716.Max Stack

Design a max stack that supports push, pop, top, peekMax and popMax.

1. push(x) -- Push element x onto stack.
2. pop() -- Remove the element on top of the stack and return it.
3. top() -- Get the element on the top.
4. peekMax() -- Retrieve the maximum element in the stack.
5. popMax() -- Retrieve the maximum element in the stack, and remove it.
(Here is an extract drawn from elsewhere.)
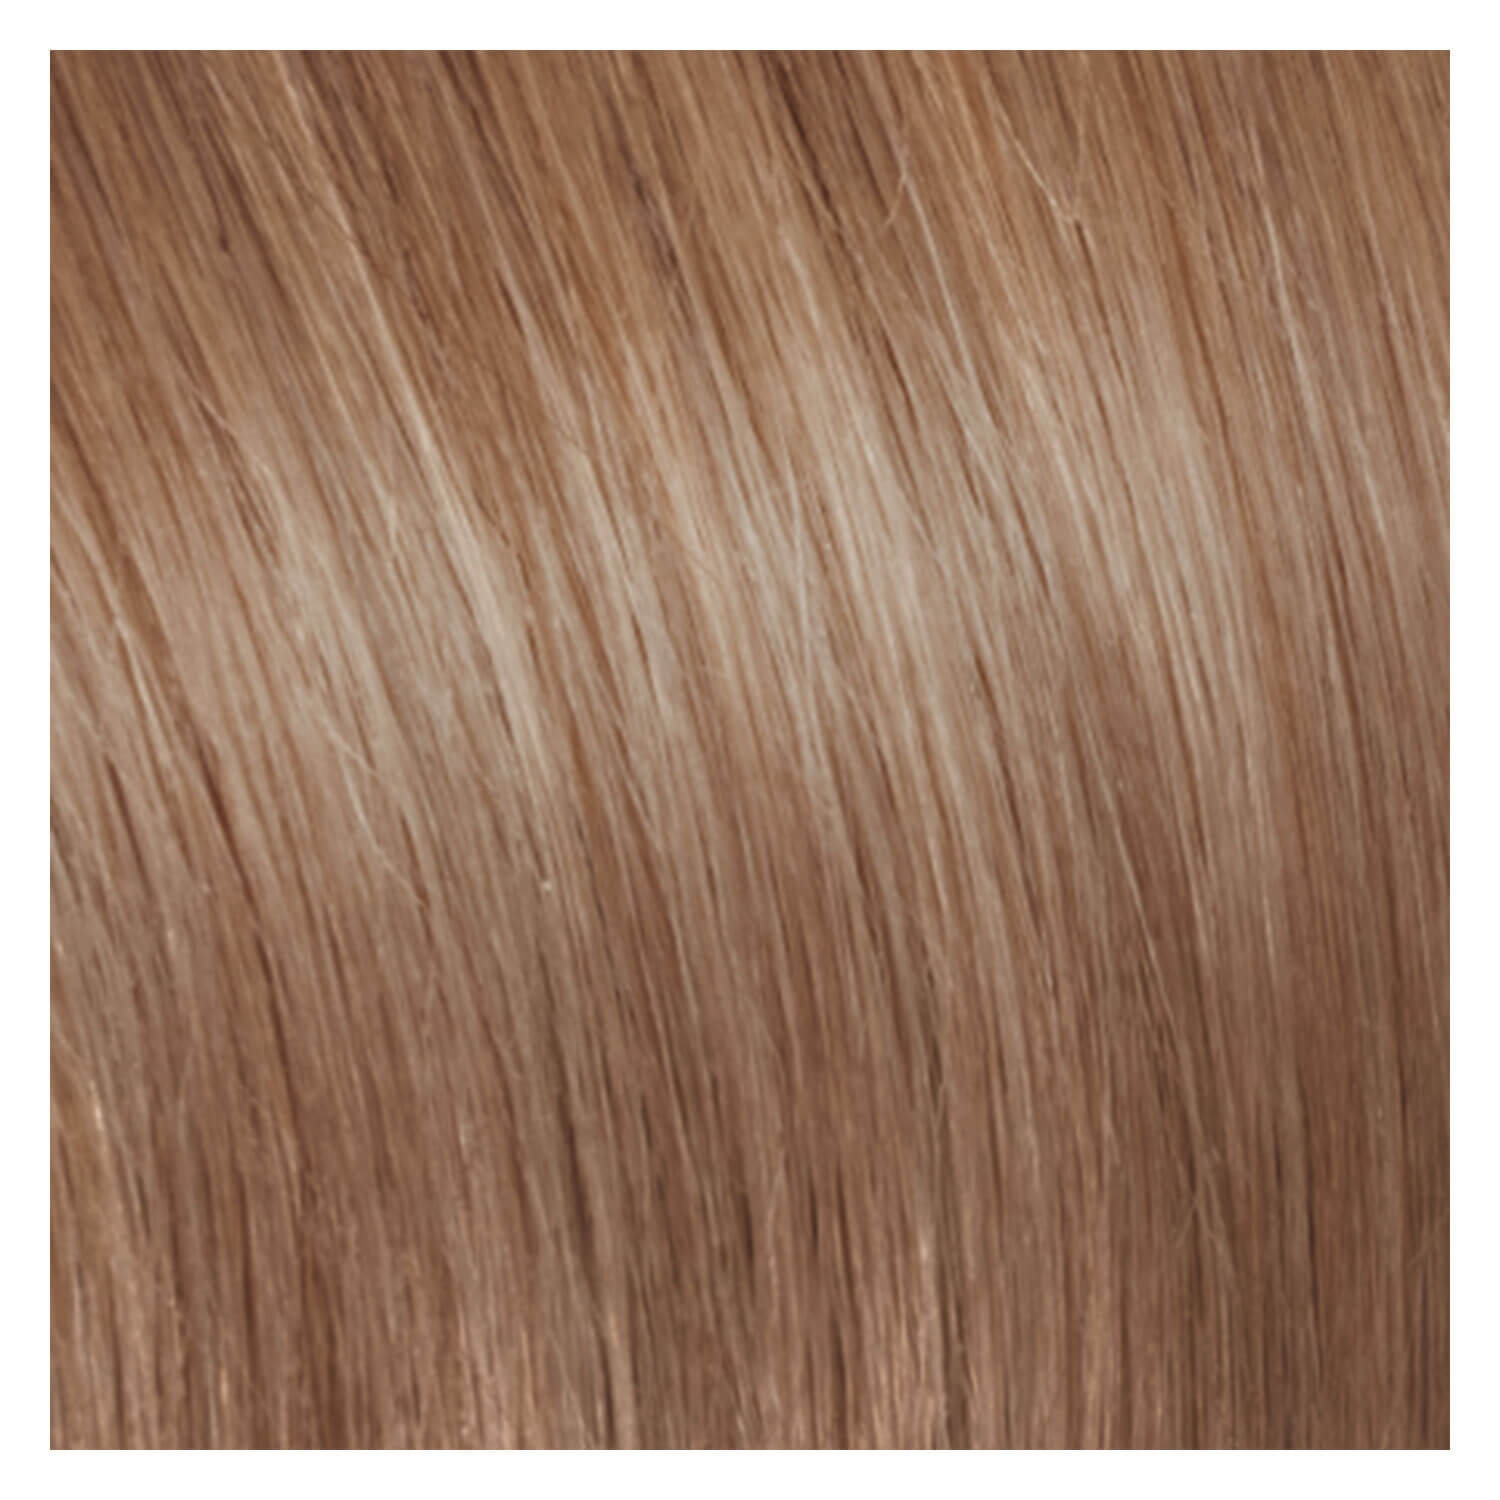 Produktbild von SHE Clip In-System Hair Extensions - 27 Mittel Goldblond 50/55cm

If you find more than one maximum elements, only remove the top-most one.

Example 1:

MaxStack stack = new MaxStack();
stack.push(5); 
stack.push(1);
stack.push(5);
stack.top(); ->5
stack.popMax(); ->5
stack.top(); ->1
stack.peekMax(); ->5
stack.pop(); ->1
stack.top(); ->5

Note:

1. -1e7 <= x <= 1e7
2. Number of operations won't exceed 10000.
3. The last four operations won't be called when stack is empty.

Thoughts:

use a auxiliary map to record the index entry, and map can sort the order internally

Code Write O(logn), read O(1):

class MaxStack {
public:
    /** initialize your data structure here. */
    list<int> l;
    map<int, vector<list<int>::iterator>> mp;

    MaxStack() {
    }

    void push(int x) {
        l.insert(l.begin(),x);
        mp[x].push_back(l.begin());
    }

    int pop() {
        // delete iterator in the map
        int key = *l.begin();
        mp[key].pop_back();
        if(mp[key].empty()) mp.erase(key);
        l.erase(l.begin());
        return key;
    }

    int top() {
        return *l.begin();
    }

    int peekMax() {
        return mp.rbegin()->first;
    }

    int popMax() {
        int key = mp.rbegin()->first;
        // get the iterator
        auto it = mp[key].back();
        mp[key].pop_back();
        if(mp[key].empty()) mp.erase(key);
        l.erase(it);
        return key;
    }
};

solution from imrusty's post